Two independent sensor networks:

• IPMI 960 measurement points per rack.
• ServNet: sensor and actuation network: 960 measurement points per rack

Ordering Information

• AU-5500SRxx: Single rack systems where xx indicates the number of chassis populating the rack
• AU-5500MRyy-xx: Multiple rack systems where yy indicates the number of racks and xx indicates the total number of chassis

Service and Support

Eurotech can provide post sale support in a variety of flexible arrangements. Aurora systems have several advantages compared to their competitors in terms of modularity, robustness, and rational system design: this results in an offering totally aimed at minimizing downtime, and the proportion of HPC Aurora systems which become unavailable during service and maintenance.

Physical Characteristics

* Dimensions (Rack): H 2260mm x W 1095mm x D 1500mm

• Weight (Maximum): 1560kg (3440 lbs.) per fully populated rack
• Acoustical Noise Level: <20 dB at 1 m

Adoption of Intel processors ensures compatibility with a vast range of applications, tools, OS's and specific HPC middleware. The advantage of being x86-based allows Aurora to have an almost unlimited choice of compilers, debuggers, libraries, applications, OS's, specific HPC middleware, clustering and administration tools, open source or proprietary.

OS

• RHEL
• SUSE/SLES
• CentOS
• Scientific Linux and others

  Compilers

• Intel Cluster Toolkit
• GNU toolchain
• Portland CDK

  MPI

• Intel MPI
• OpenMPI
• mpich
• Portland MVAPICH

  Debuggers and performance tools

• Totalview
• DDT
• Intel Trace Analyzer and Collector
• Intel VTune

  Math Libraries

Compatibility of Math libraries implementation specific

• Intel MKL
• IMSL (with ICT requires adaptation)
• NAG

  Resource Management/ Deployment

• OpenPBS, SunGridEngine
• PBS Professional
• Bright Cluster Manager
• Platform LSF/Cluster Manager
• Rocks, Rocks+
• Torque, MOAB, xCAT
• Condor
• Parastation
• xCAT

  Distributed File System

• Lustre over QDR Infiniband, either via OFED or TCP.
• pNFS, panFS, GPFS under test

  Maintenance and Management

• Intel Cluster Checker
• AuroraMON

Cooling

Thanks to its higher thermal capacity per volume unit, about 3500 times larger than air, water based cooling is a must to maximize efficiency. Every Aurora module features an efficient and simple heat removal mechanism: liquid flowing across a plate which is thermally coupled with electronic devices. Aurora allows significant savings on the energy bill, with its flexible liquid cooling system: flow rates and coolant inlet temperature can be varied greatly, allowing economical operation with different infrastructures, and in different climates.
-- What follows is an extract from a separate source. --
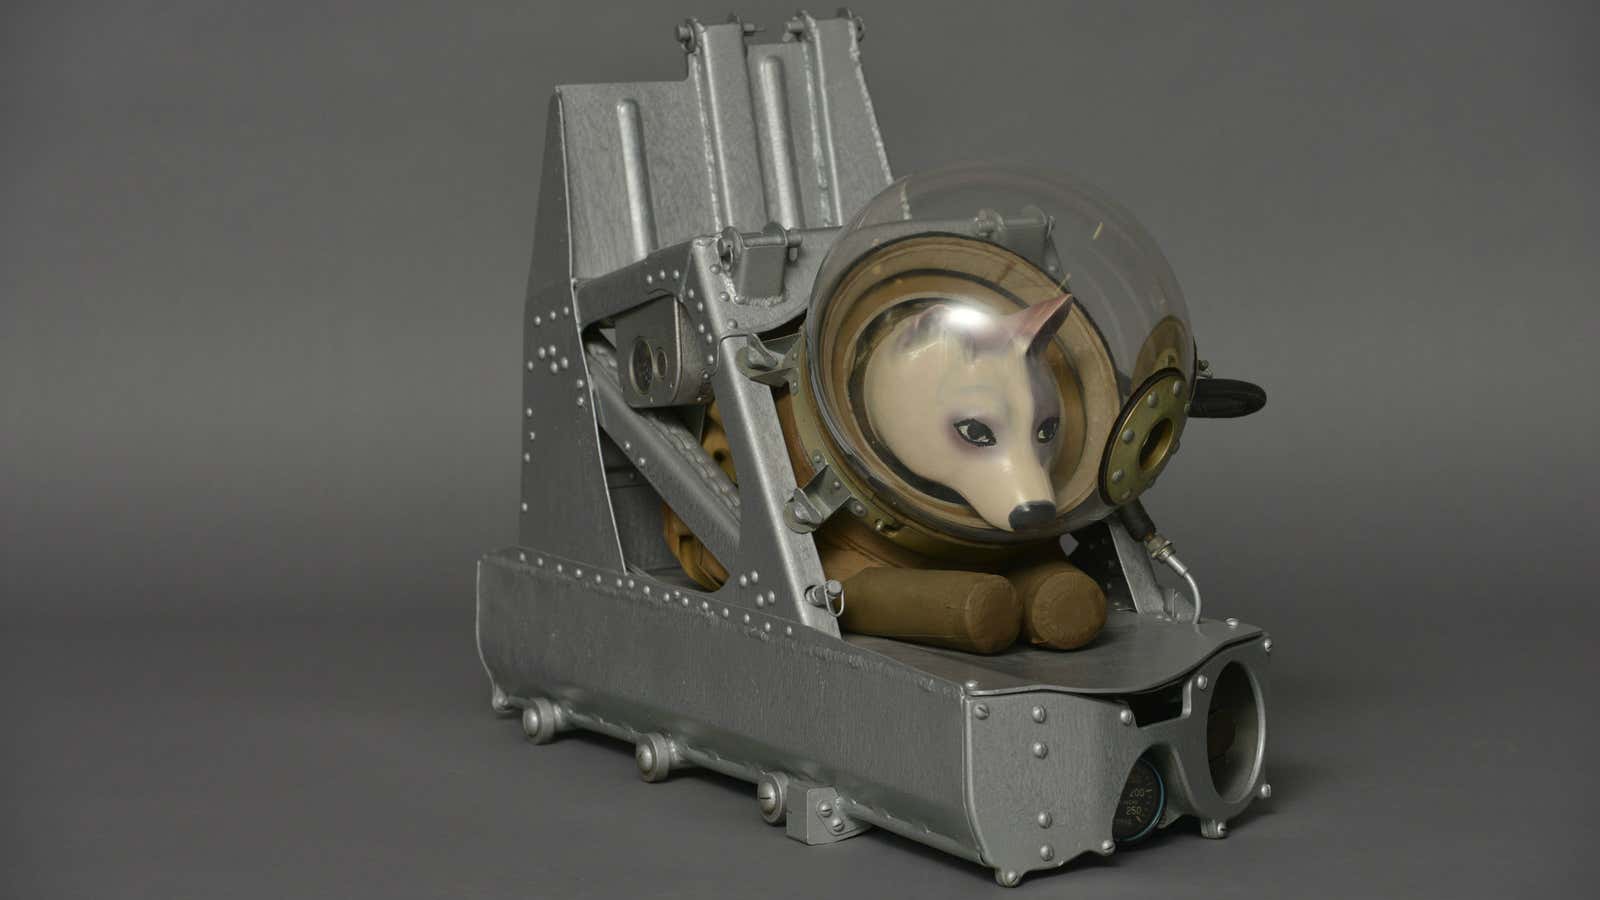 Dogs were launched on high altitude rocket flights during the 1950s. Each dog was ejected from the rocket during descent and fell to Earth by parachute. These trials helped in the development of life support systems for the first animal and human orbital missions that came later.

Energy savings can then be carried out also by making appropriate infrastructure choices:

• use of a single coolant circuit, which is simpler, and has no energy losses due to heat exchangers
• choice of efficient chillers, with appropriate sizing for operation in the "sweet spot" of performance
• Use of dry coolers, to benefit from conductive free cooling, maximizing the length of time when chillers are off, depending on the climate of the location where Aurora is installed. The efficacy of free cooling can vary, since it works using a temperature difference between the outside ambient, and outlet coolant.
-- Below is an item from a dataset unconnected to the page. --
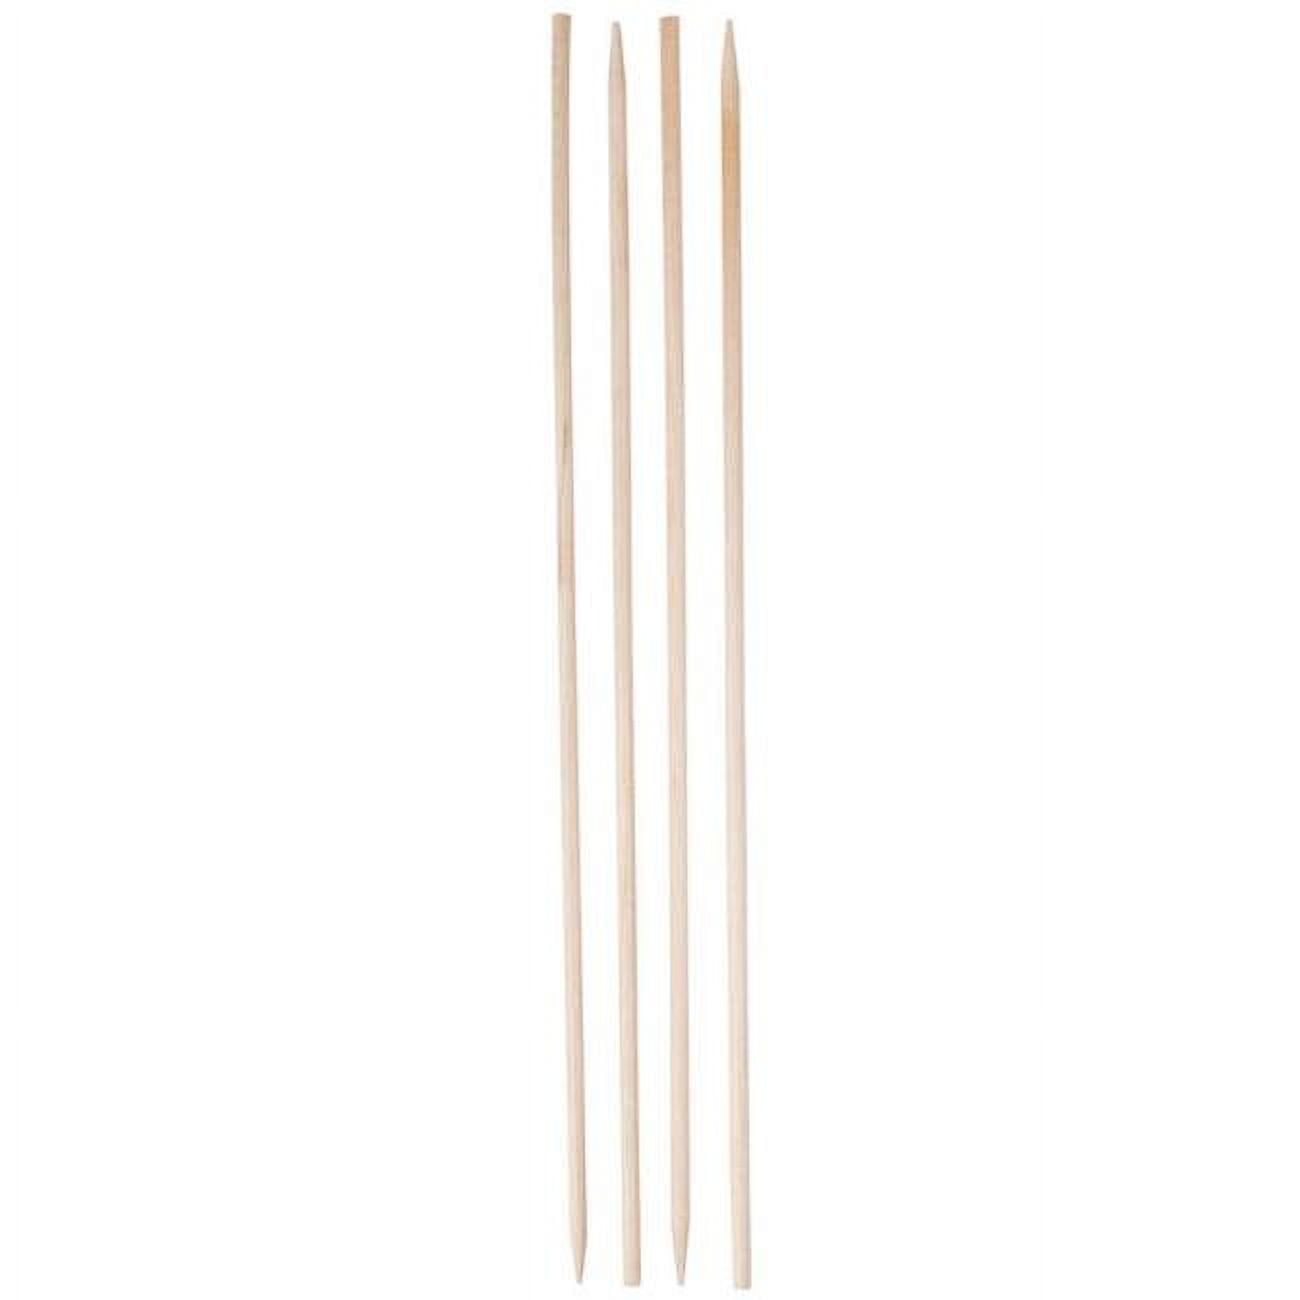 Ws10 Cpc 10 In. Wood Skewer Finish Shish, Case Of 3000

The internal infrastructure is often no more than pipes and valves. It is made up of fewer parts than an ordinary air cooled system, which usually features also a liquid circuit per se.

Power Conversion

Power conversion in Aurora systems takes place in two separate steps. 400-200VAC is converted to 48VDC by high (93%) efficiency ACDC converters which share the liquid cooling infrastructure with the computer system. Chassis receive a 48VDC supply, which has an advantage in safety terms: Aurora is a low voltage equipment, hence safety regulatory tests are less strict than for VAC powered computers. 48VDC are in turn stepped down to 12VDC, reaching all Aurora boards, by a PSU within each chassis (DCDC Tray) with 93% efficiency. Failsafe operation is considered at each step: ACDC converters are redundant and ganged, while DCDC converters within each PSU board are n+1 redundant.

Noiseless Operation

Aurora has no fans, no mechanical moving parts within it. Local data storage is based on SSD units, also enhancing reliability and maximizing density. Aurora installations cannot be confined to data rooms. Aurora is easy to maintain and service, and looks good, no need to hide it .

Density

Packaging density is something more than mere miniaturization. By making systems denser and more compact, building infrastructure costs can be effectively reduced, in two ways: by making the data room no different than an ordinary room, and by reducing the sheer real estate required by the computing equipment. This of course has long term implications, by reducing the entire level of floor occupancy for a given system size and number of on site users.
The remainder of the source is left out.